Several advisers, friends and donors said in interviews that they had urged her to call her vote a mistake in order to appease antiwar Democrats, who play a critical role in the nominating process. Yet Mrs. Clinton herself, backed by another faction, never wanted to apologize — even if she viewed the war as a mistake — arguing that an apology would be a gimmick.
I suspect this carefully leaked “story” is the beginning of an extended Clintonian “Sister Souljah moment,” where Hillary bravely takes a position supported by a large majority of the voting public. The lefties and their fifth columnist surrogates in the mainstream media have been pushing the myth that most Americans oppose the efforts in Iraq, when, in fact, what many Americans oppose is the wishy-washy, half-hearted nature of our efforts there - and elsewhere.
The left wing of the Democrats - which is about forty percent of the party - is going to discover the hard way how big a mistake they are making by trying to engineer a surrender to our Islamist enemies abroad.
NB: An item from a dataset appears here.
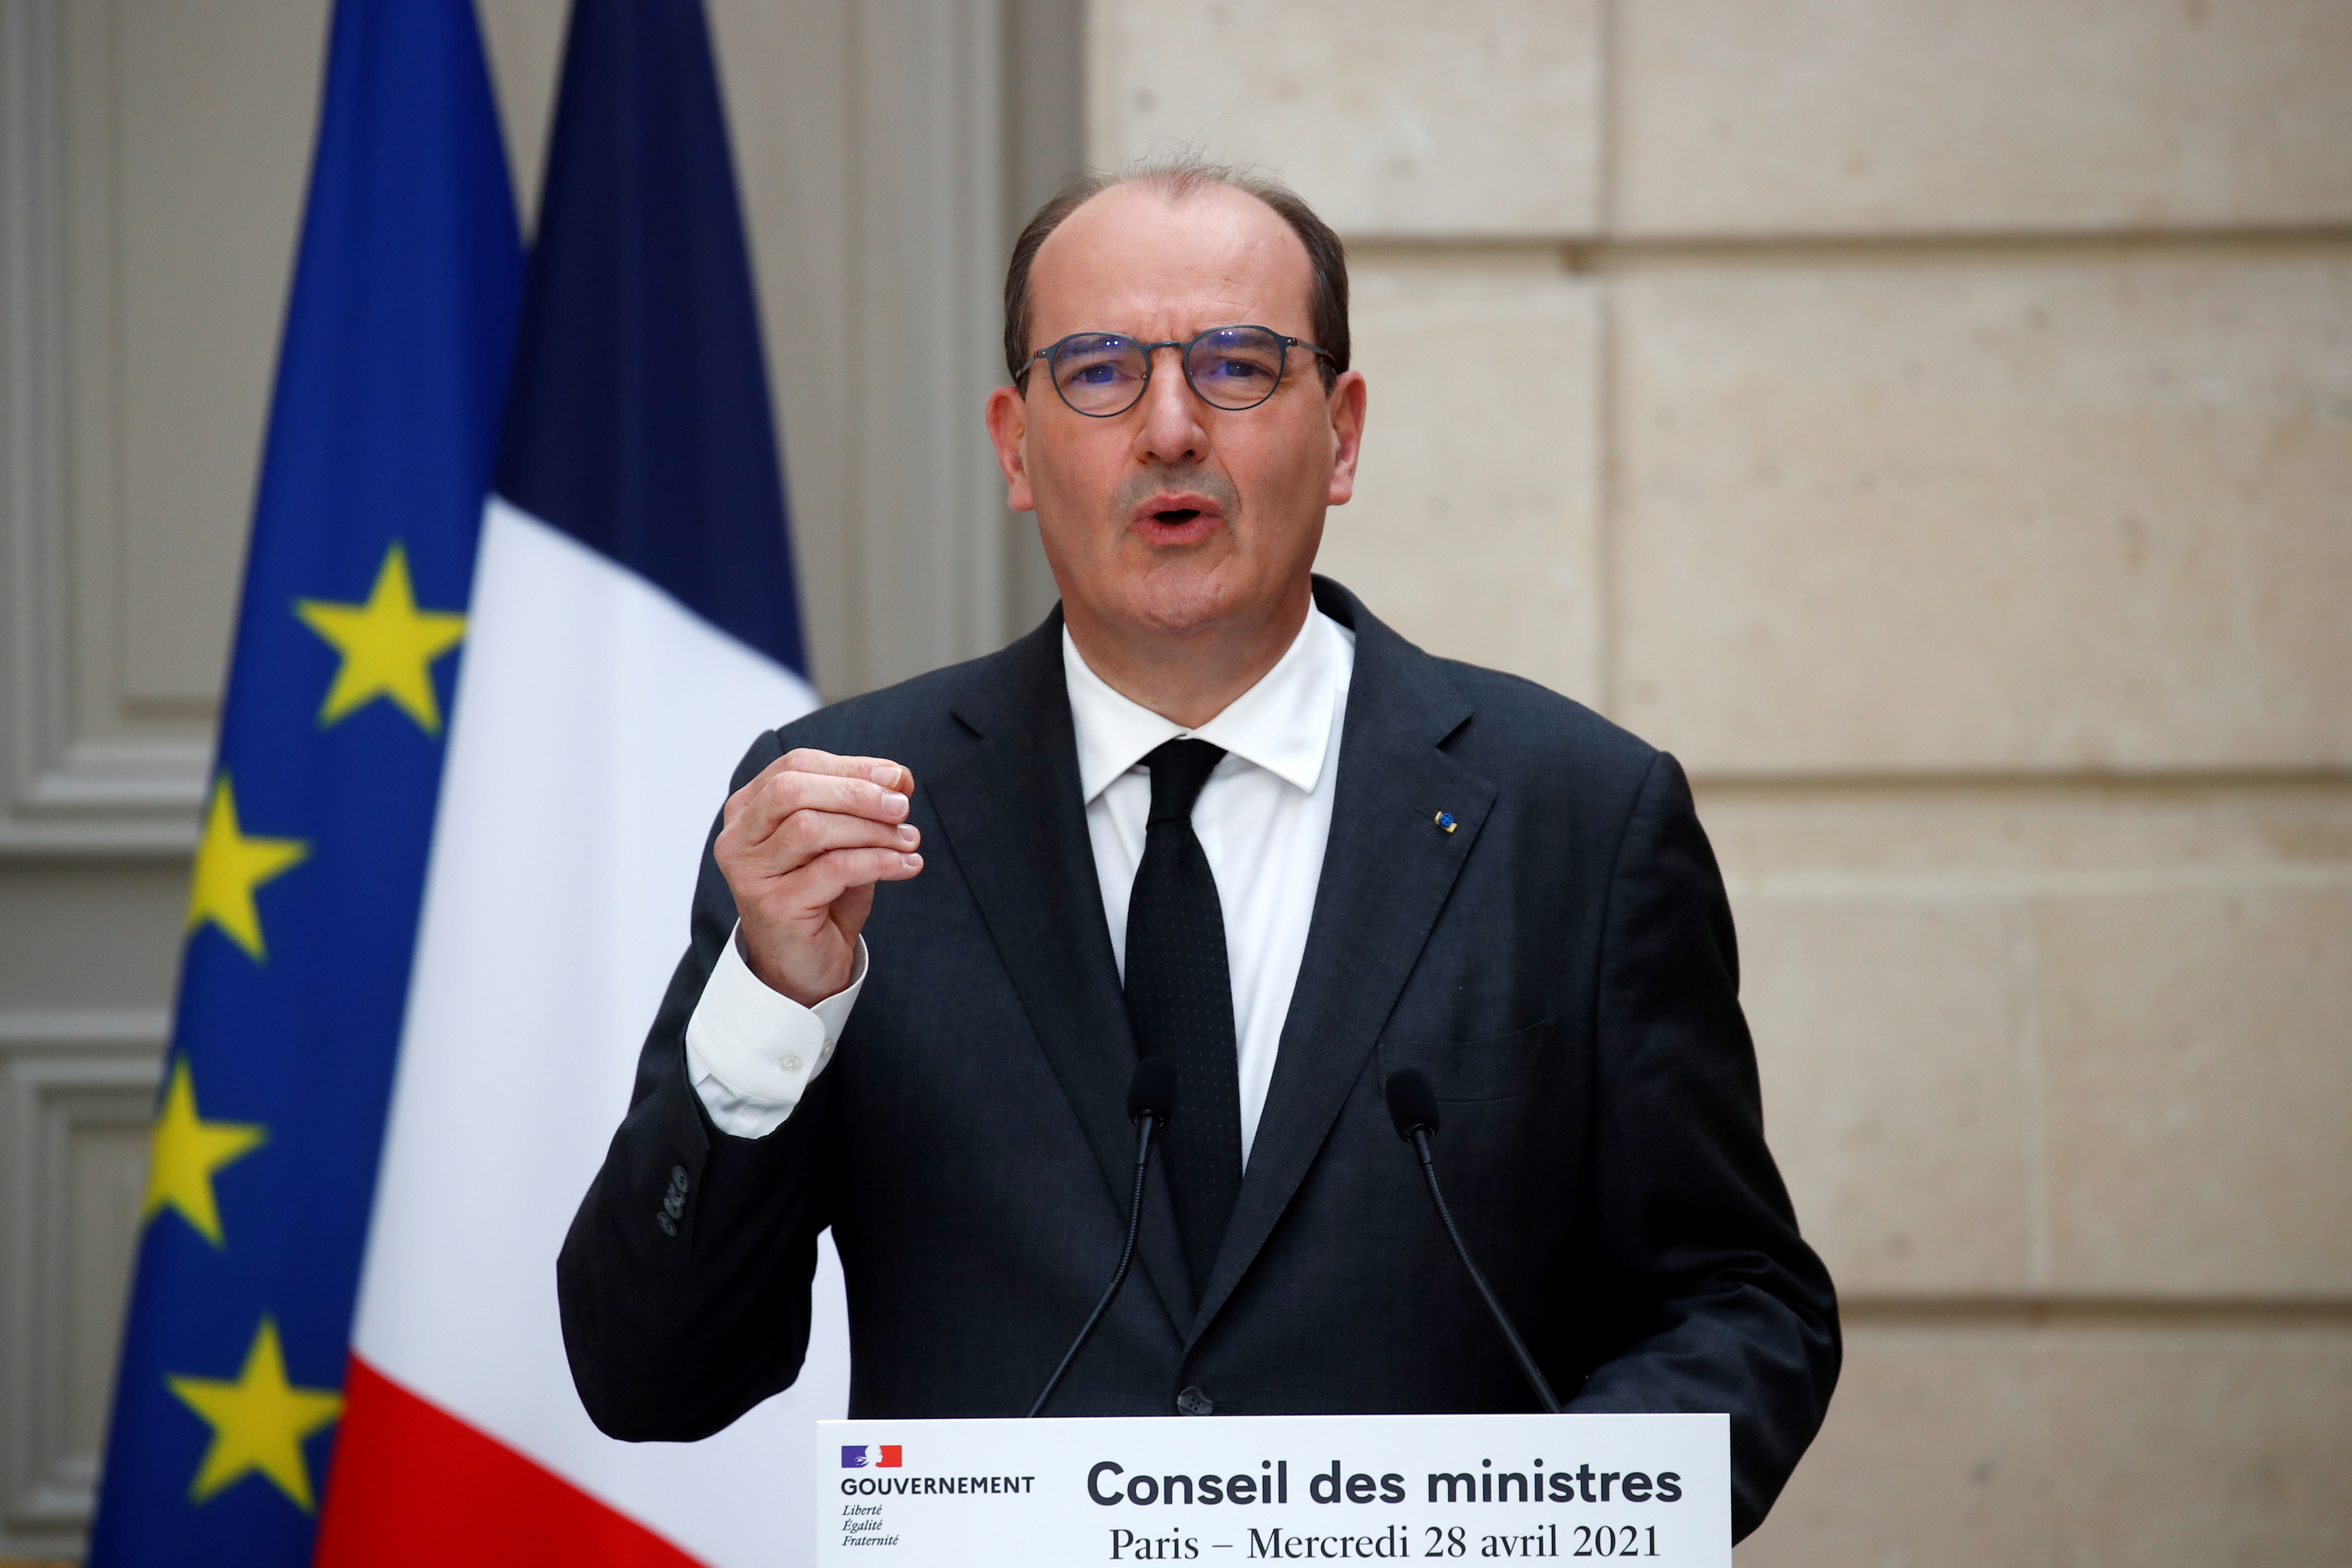 French Prime Minister Jean Castex attends a news conference on fight against terrorism at the Elysee Palace in Paris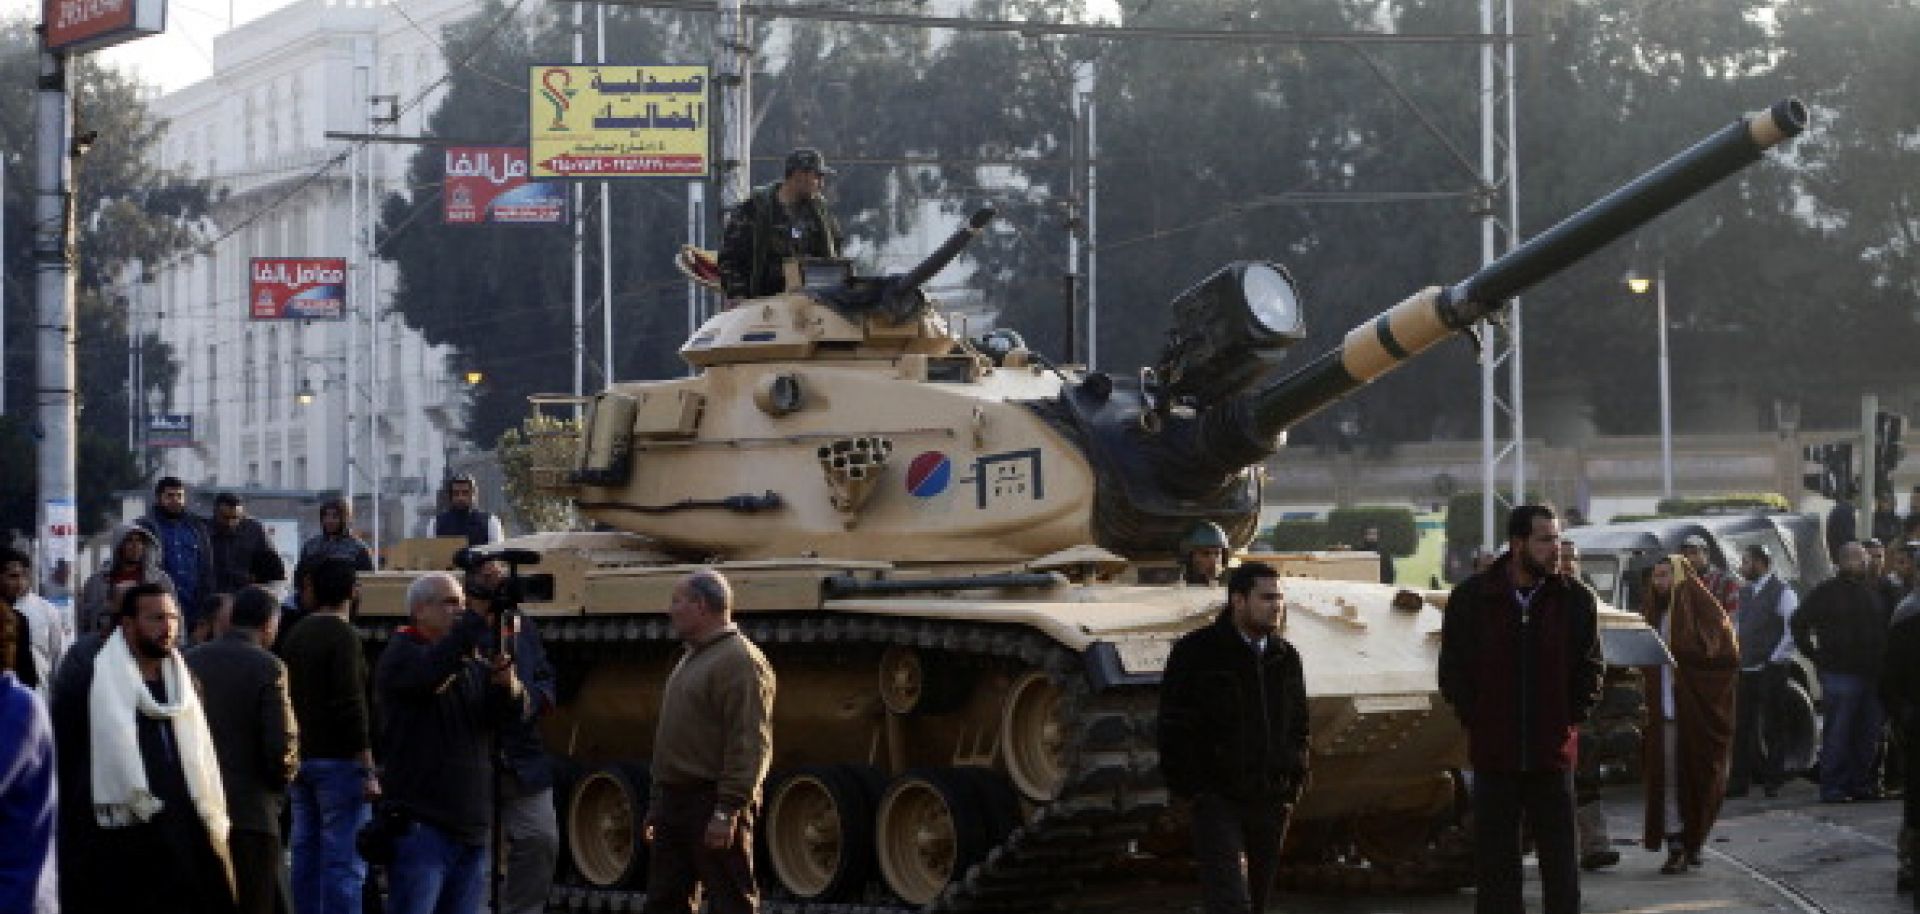 In Egypt, the Military's Power Endures

I think the Clintons - never to be called slouches in their understanding of practical politics - know this, and have calculated that the left can’t halt Hillary’s march to the nomination. Therefore, now is the time to begin to gather in the center and right of their party, as well as those who support resisting our enemies with military force in the Republican party, as well as the “non-aligned” middle.
It’s no accident that the WaPo has initiated a slash-and-burn attack against senile faux-warrior John Murtha, either.